If you’ve incorporated all of the other basic components, it’s time to ask something of your audience. If you have been abundantly clear and transparent up until this point, this part will come naturally. Simply, what is it you want your supporters to now do? (hint: SUPPORT & SHARE!)
Giving levels provide options for supporters to choose from when contributing to your campaign. These can also take your campaign to the next level. There is no ‘ideal’ giving level; each campaign has something different to offer its supporters. Here are some points to consider:
80% of supporters will give less than $50, but more than half your money will come from big contributions. So you need a full range of small and big giving levels to get everyone involved. For example, you can have $10, $25, $50, $100, $250, $500, $1000, $2500, etc.
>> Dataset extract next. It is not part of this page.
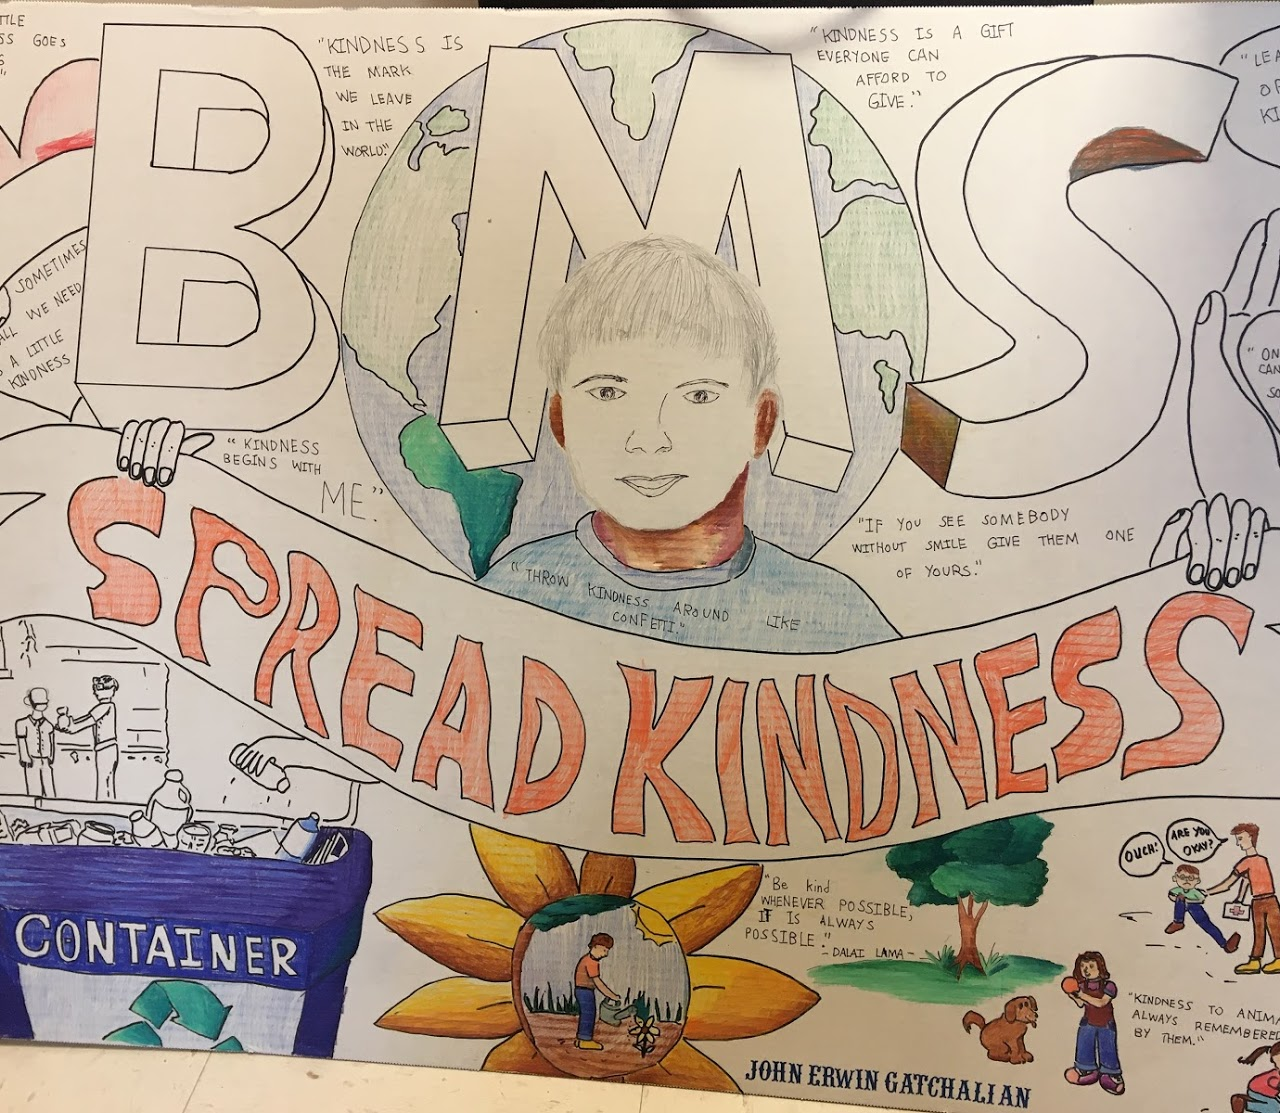 Spread Kindness Mural
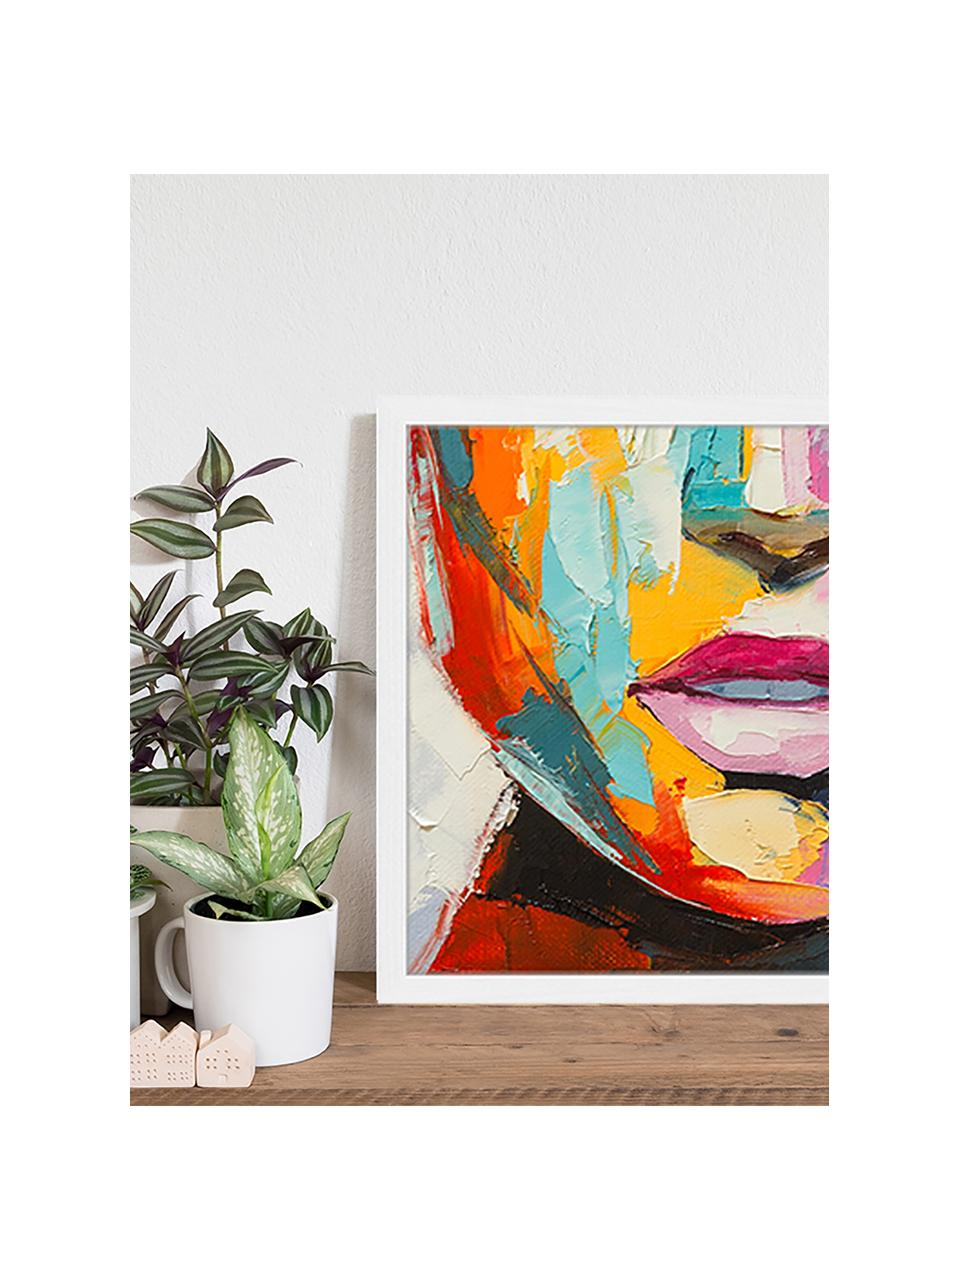 Stampa digitale incorniciata Colorful Emotions, Immagine: stampa digitale su carta,, Cornice: legno verniciato, Multicolore, Larg. 53 x Alt. 43 cm

If you're making a product, like a music album, it's easy to offer perks that are structured around that product (e.g. $25 gets you a CD). But what if you're part of a non-profit building a mosque? In this case, focus on the impact of the contribution. So for $25 you don't get something, but you're helping pay for 1 square foot of construction.
Make sure your perks don’t end up costing you more money and headache than they're worth! LaunchGood is a global platform and you can get supporters from San Francisco to Singapore. Think of cool perks that don't require shipping, like listing someone on your website or the credits of your film or engraving their name into a wall if they ever come visit.